Invert the period to get the frequency, and multiply by $2 \pi$ :

$\omega_{i}=2 \pi f=2 \pi / T=4.99 \mathrm{rad} / \mathrm{s}$

(b) After he pulls the weights in, what’s the system’s new angular speed?

Equate the initial and final angular momenta of the system:

$\mathbf{ (1) } \quad L_{i}=L_{f} \rightarrow I_{i} \omega_{i}=I_{f} \omega_{f}$

Substitute and solve for the final angular speed $\omega_{f}$ :

\begin{aligned}\mathbf{ (2) } \quad \left(2.25 \mathrm{~kg} \cdot \mathrm{m}^{2}\right)(4.99 \mathrm{rad} / \mathrm{s}) &=\left(1.80 \mathrm{~kg} \cdot \mathrm{m}^{2}\right) \omega_{f} \\\omega_{f} &=6.24 \mathrm{rad} / \mathrm{s}\end{aligned}

(c) Find the work the student does on the system.
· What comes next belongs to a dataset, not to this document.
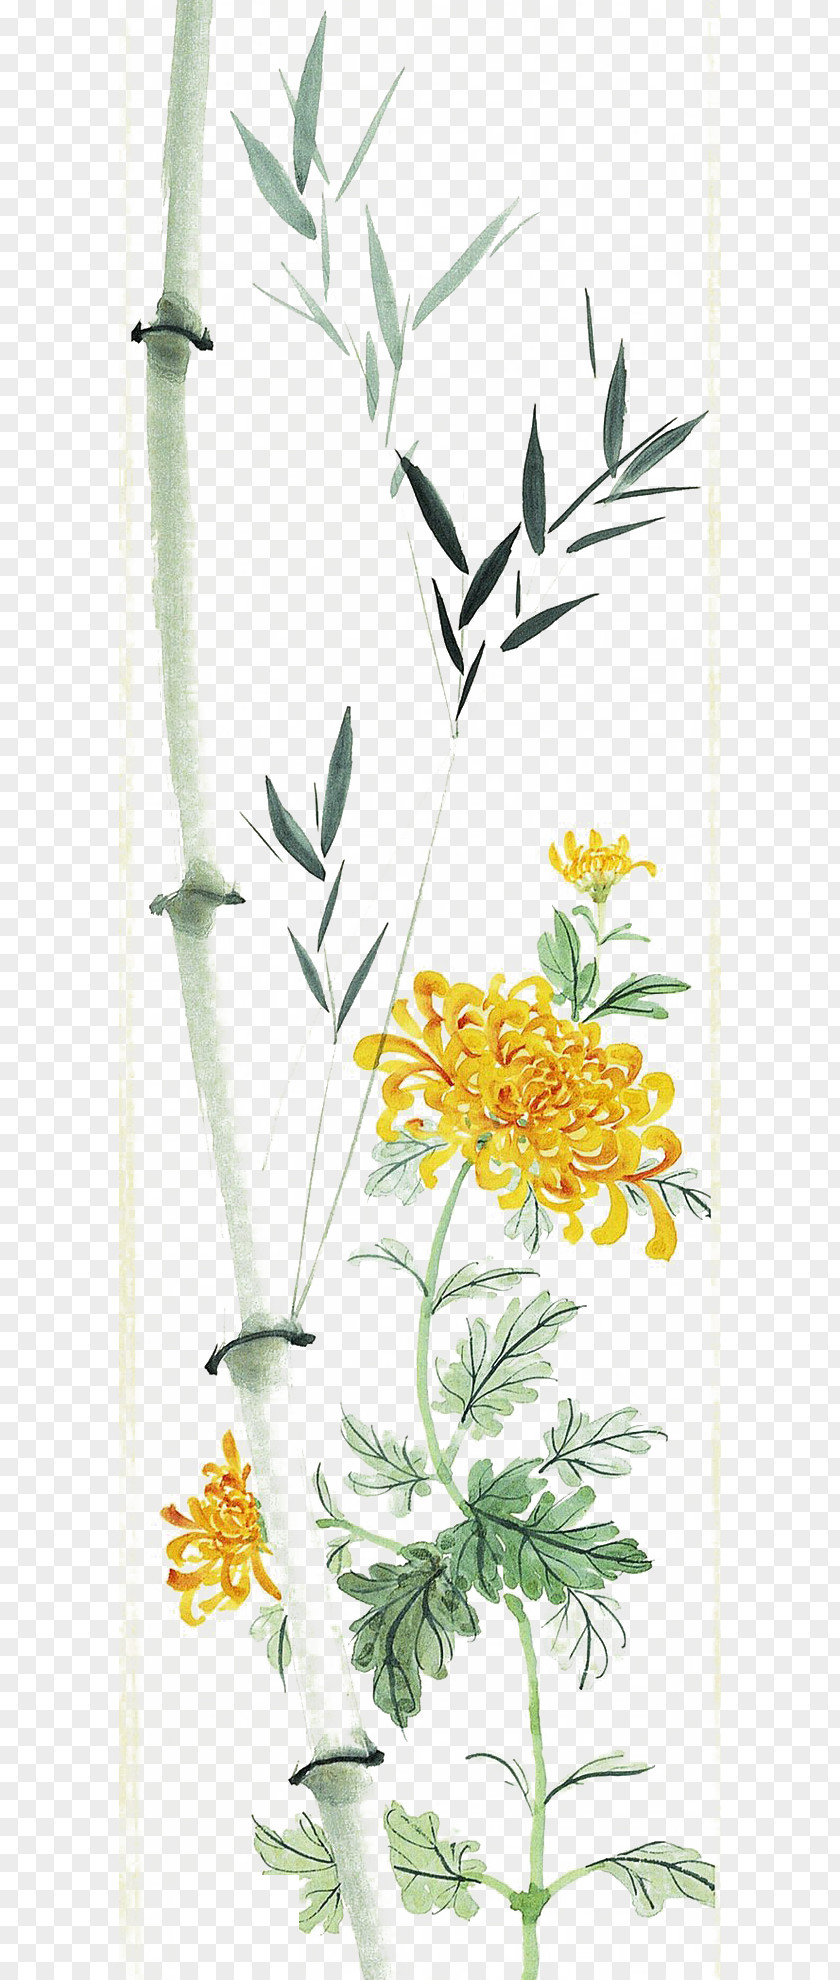 Bamboo Leaves And Chrysanthemums Chrysanthemum Chinese Painting Leaf PNG

Apply the work-energy theorem:

\begin{aligned}W_{\text {student }}=& \Delta K_{r}=\frac{1}{2} I_{f} \omega_{f}^{2}-\frac{1}{2} I_{i} \omega_{i}{ }^{2} \\=& \frac{1}{2}\left(1.80 \mathrm{~kg} \cdot \mathrm{m}^{2}\right)(6.24 \mathrm{rad} / \mathrm{s})^{2} \\& -\frac{1}{2}\left(2.25 \mathrm{~kg} \cdot \mathrm{m}^{2}\right)(4.99 \mathrm{rad} / \mathrm{s})^{2} \\W_{\text {student }}=& 7.03 \mathrm{~J}\end{aligned}

REMARKS Although the angular momentum of the system is conserved, mechanical energy is not conserved because the student does work on the system.